Re: Linear equation system with additional conditions
- From: "John D'Errico" <woodchips@xxxxxxxxxxxxxxxx>
- Date: Wed, 4 Mar 2009 12:16:01 +0000 (UTC)
Torsten Hennig <Torsten.Hennig@xxxxxxxxxxxxxx> wrote in message <13763134.1236166979045.JavaMail.jakarta@xxxxxxxxxxxxxxxxxxxxxx>...
Hi,
I have a linear equation system Ax = b and solve it
with x = A\b.
But now I want to impose come additional constraints
on the solution x, in my case it would be that a
certain number of elements of x would have to be
queal, i.e. diff(x(j:k)) = 0.
Is there an easy way to implement this?
Thanks
Thomas
Add the equations
x_j - x_k = 0
to the system Ax = b and solve in the usual way
(x = A~\b~).
Best wishes
Torsten.
While you can do this, it is subtly different from
applying an equality constraint.
When you append the equality constraints as
another row to the linear system, they merely
become yet one more "data point" in the linear
least squares problem. As such, the constraint
will NOT be satisfied in the analysis, only subject
to noise, and lack of fit.
That is, if the least squares solver does not really
"want" to satisfy the constraint, it will accept some
error in it. So really the constraint then becomes
x_j - x_k + noise = 0
Not
x_j - x_k == 0
as you probably desire.
The point is, when you formulate a linear least
squares subject to equality constraints, typically
one wishes to find the solution vector X such that
norm(A*X - b)
is minimized, subject to the equality constraint
C*X = d
is exactly satisfied. See that merely adding those
extra rows to the problem will not in general
satisfy the equality constraint system exactly.
The solution is to use a tool that will restrict the
solution to the linear subspace of solutions that
exactly satisfies the equality constraint system.

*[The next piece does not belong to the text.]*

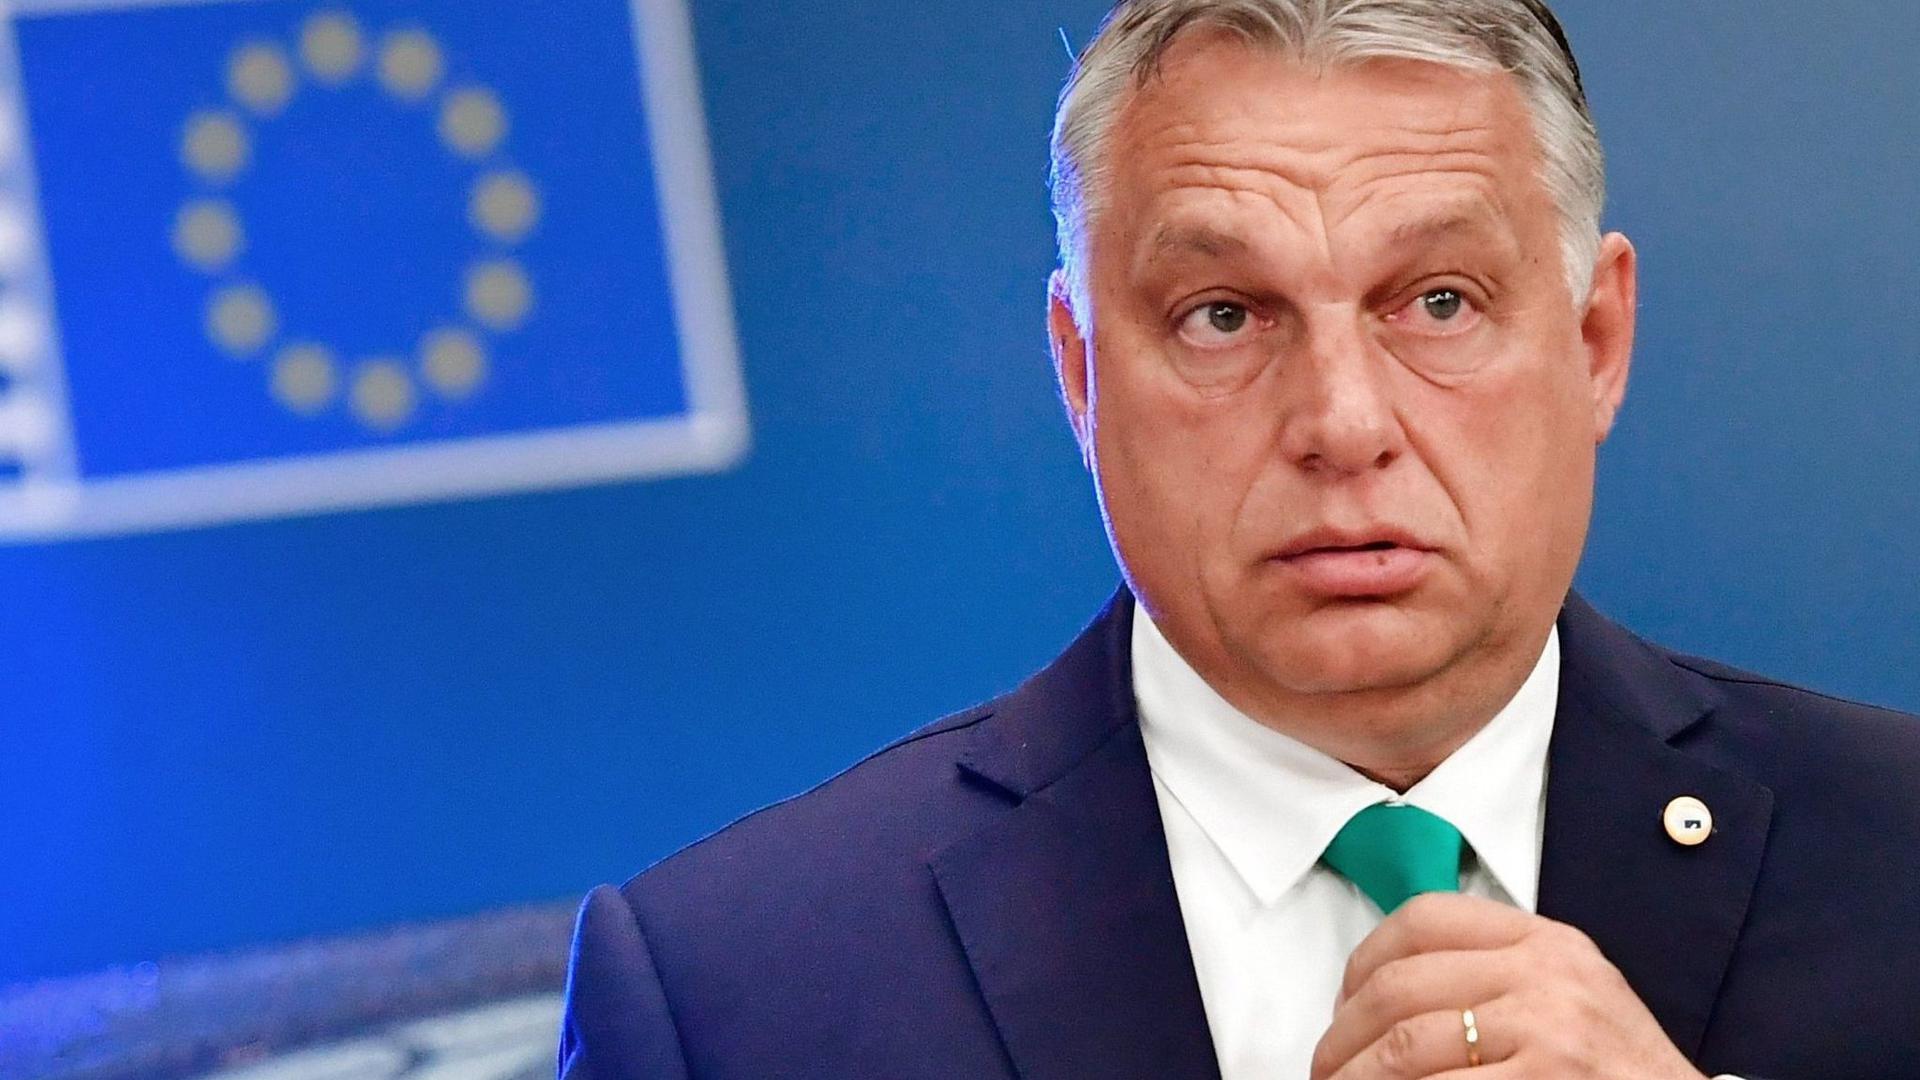 Ungarns Ministerpräsident Viktor Orban während des EU-Gipfel im Juli 2020 in Brüssel.

lsqlin from the optimization toolbox is the tool
of first choice here, if you have that toolbox.
Alternatively, you can use other tools found on
the file exchange. My own lse is written to solve
exactly this problem, a linear least squares, subject
to linear equality constraints.
http://www.mathworks.com/matlabcentral/fileexchange/13835
Use of lse is simple here. Given the matrix system
to be satisfied, A*x = b, I'll assume that you wish
to constrain variables 1 and 4 to be equal, as well
as the pair 2 and 5. Simply form the matrices
C = [1 0 0 -1 0;0 1 0 0 -1];
d = [0;0];
(This assumes a total of 5 variables to solve for.)
Solve it using lse:
x = lse(A,b,C,d);
I also show how to write such a code in my tips
and tricks document, there using a qr factorization
for the elimination (I think that was what I did,
without checking.) LSE offers two methods as
options to the user, which will have subtly different
results on singular systems.
http://www.mathworks.com/matlabcentral/fileexchange/8553
HTH,
John
.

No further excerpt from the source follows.